Profile
Dr Edward Skidelsky
Senior Lecturer (Philosophy)
3275
01392 723275
Amory B351
Office Hours for Term 2 2019/20: Mondays 2 - 3 pm and Tuesdays 2-3 pm.
My original research was on the early twentieth century German philosopher Ernst Cassirer (published in January 2009 with Princeton University Press as Ernst Cassirer: The Last Philosopher of Culture) but my interests have since shifted to moral and political philosophy. I have written essays on the ethics of capitalism, the value of happiness and the philosophical importance of the history of ideas. My most recent book, co-written with my father Robert, is called How Much is Enough? Money and the Good Life. It came out in the UK with Allen Lane in June 2012 and has been translated into 15 languages worldwide. A following book, The Language of the Virtues, is forthcoming with Princeton University Press.
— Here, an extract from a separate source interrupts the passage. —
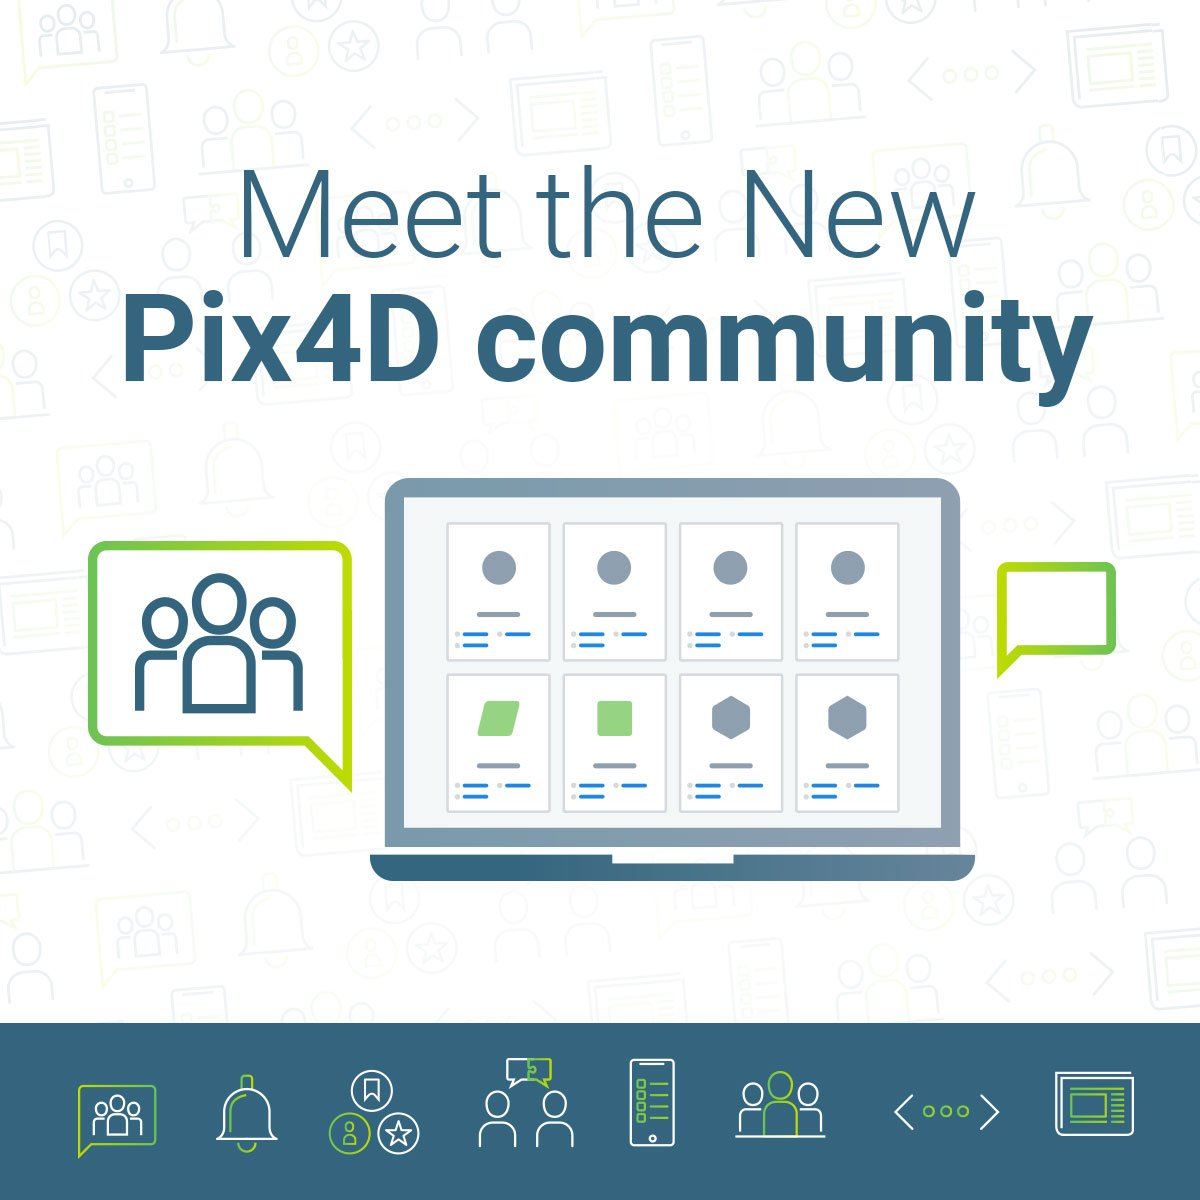 Pix4D tagged Tweets and Downloader | Twipu

I also have also created a website, "Virtues of the Dead": see epigraphs.net. This is an interactive database of epitaphs from churches and cathedrals across the UK, showing how people in the past saw fit to commemorate their dear departed. You can search it by region, date, name or virtue-concept - "earnest", "benevolent", "pious" etc. - so as to uncover trends and correlations. My hope is that "Virtues of the Dead" will become a resource for all researchers interested in cultural change in modern and early-modern Britain.
Research interests
Ernst Cassirer
Virtue ethics
Ethics and economics
The history of the virtues
Research supervision
- Ernst Cassirer
- Twentieth-century German philosophy and social thought
- Art as a social practice
- Virtue ethics
- Ethics and Economics
Research students
I am currently supervising Toby Sherman, who is writing a doctoral thesis on conceptions of happiness. From 2010-2013, I co-supervised Christopher Fear, who wrote his thesis on Collingwood's theory of history.
Modules taught
- PHL1005A - Evidence and Argument 1
- PHL1112 - Philosophy of Film
- PHL3013 - Virtues and Vices
Biography
I first studied philosophy together with theology as an undergraduate at Oxford from 1992-95. After graduating, I worked for two years with a Moscow NGO and a further two with a London-based publisher and think-tank. I returned to Oxford from 2000-05 – the politics department this time – to do a doctorate on the late idealist philosopher of science and culture Ernst Cassirer, spending two years as a visiting student at the Humboldt University, Berlin. I speak fluent German and rusty Russian. Apart from philosophy, I enjoy looking at art and architecture, cooking and playing ping pong.